Too Many Scientists?

Recently, Brian Martinson had a commentary in Nature about the overproduction of scientists in the US. He argues:

Yet, largely because of the structure of the funding flows between the NIH and the universities, there are few checks in the system to keep competition for grant funding at a healthy level. Thus, calls for further increases in the NIH budget may only make matters worse.

I wholeheartedly agree that this issue needs more attention, since the focus has solely been upon the NIH funding pool rather than the pool of qualified researchers. His post has sparked further discussion. I’m glad there’s discussion about this, because our “production” of graduate students is not often assessed from the standpoint of the market for them when they graduate. It seems to me that the marketability of the Ph.D.’s we are granting should be given consideration on occasion.

However, I diverge from the viewpoint espoused by Brian Martinson on one key point.
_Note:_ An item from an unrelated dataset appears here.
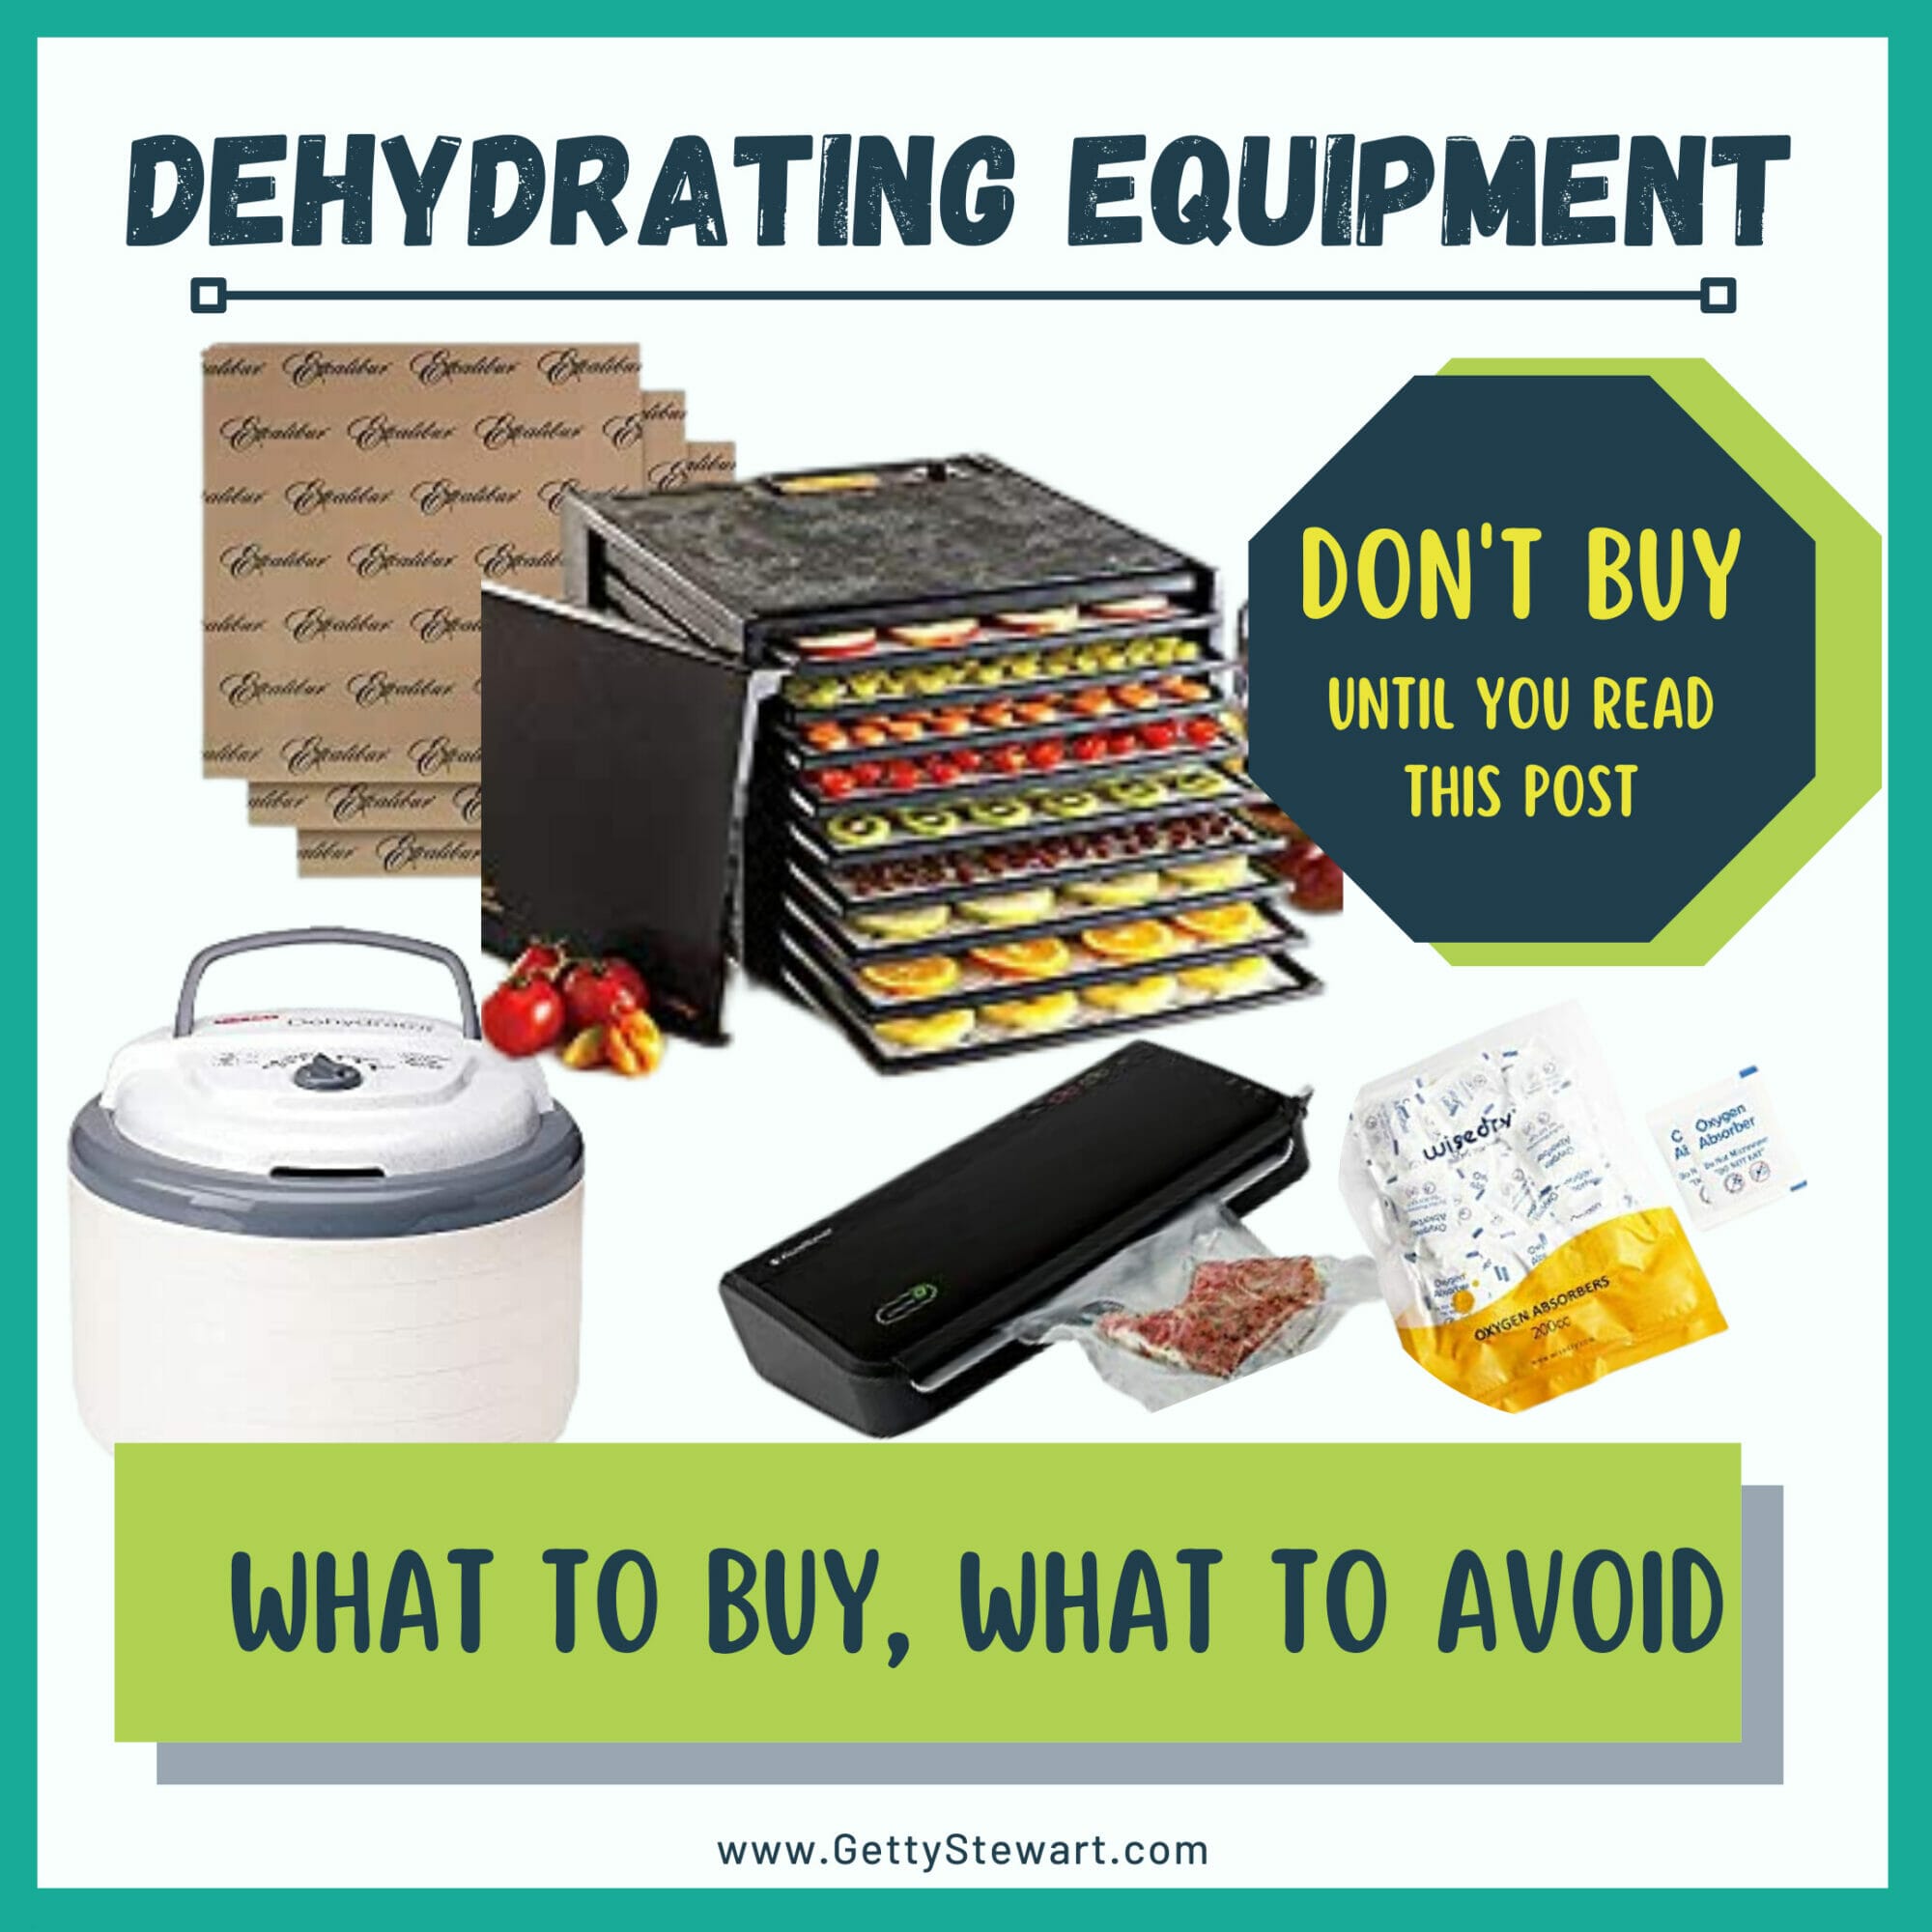 Ultimate Dehydrator Cookbook - A Must Have for Every PREPared Kitchen -  Simple Family Preparedness

His considerations reflect a snapshot of the current point in time, where there is an oversupply of scientists and undersupply of funding. Before making any drastic changes, it seems worthy to look into the crystal ball and figure out what else is at play that might alter the supply/demand equation. While it would be foolish to try to make accurate predictions, there are some big trends in demographics that indicate that we are not necessarily in an equilibrium situation, and that the present oversupply of people may change.
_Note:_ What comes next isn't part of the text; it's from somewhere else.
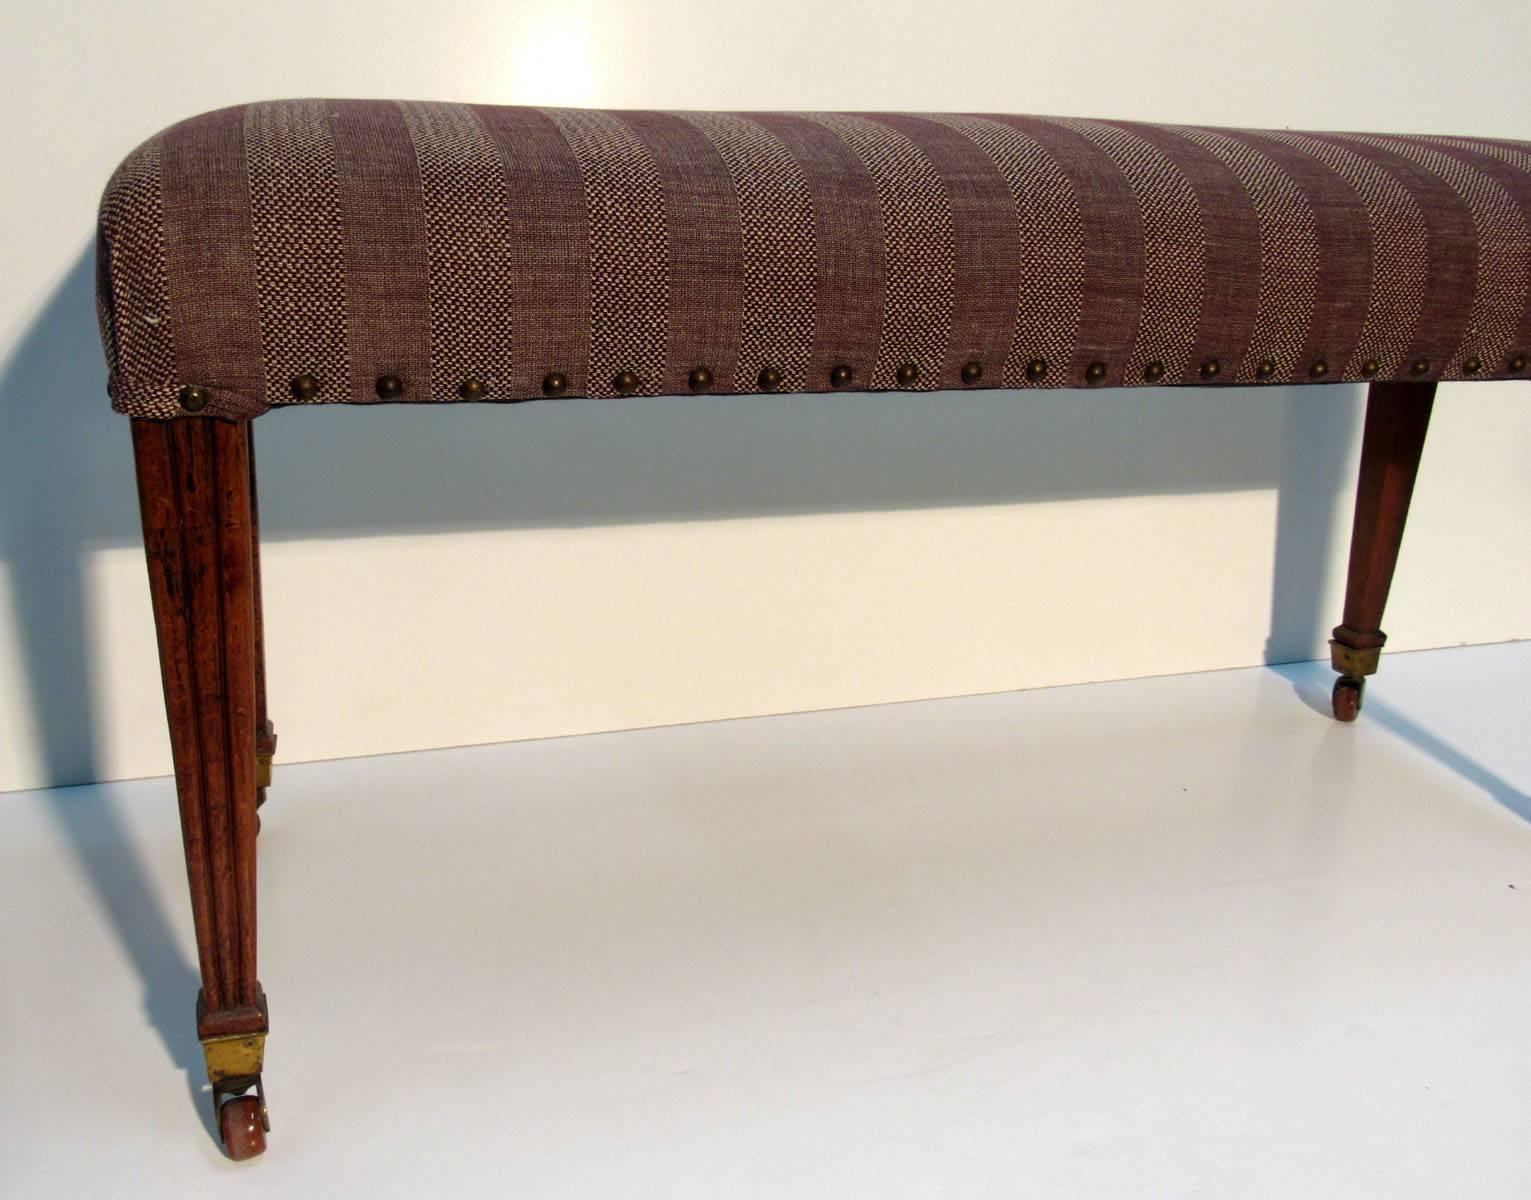 Late 18th-early 19th century Italian bench frame with a later purple stripe fabric, from a Peter Marino project.

Here are two factors to consider:

  • The Baby Boom. In the 80’s and 90’s there was a huge influx of researchers into the academic system, many of whom are part of the baby boom generation (those born from 1946 to 1964). For those of us who followed this boom, academic jobs and resources have been scarce, simply because there’s this large group of more senior folks already filling the great positions. However, the first wave of the boomers is nearing retirement age – they just hit 60 years old last year. In my department alone, I can think of quite a few senior faculty that are within 10 years or less from retirement. It is my belief that once they retire en masse, filling these positions with qualified replacements will actually be quite challenging, and we may find that the supply/demand ratio has inverted.
  • International Scholars. The second point is that the demand for US positions by international scholars has been very high for quite some time, since it was seen as a great place to do research. However, I believe that perception is changing, and will continue to change. My assertion is from several factors: 1) The increasing investment in top-notch infrastructure and facilities in places like China is beginning to attract qualified researchers to positions elsewhere; and 2) In the aftermath of Sep. 11th, visas have been significantly harder to obtain, and though it has eased somewhat, there is still a perception of difficulty coming to the US. Because of these, while we will continue to attract great foreign scientists, the competition will be reduced. From personal experience trying to recruit capable bioinformatics-related postdocs, the supply in the US is not yet meeting demand.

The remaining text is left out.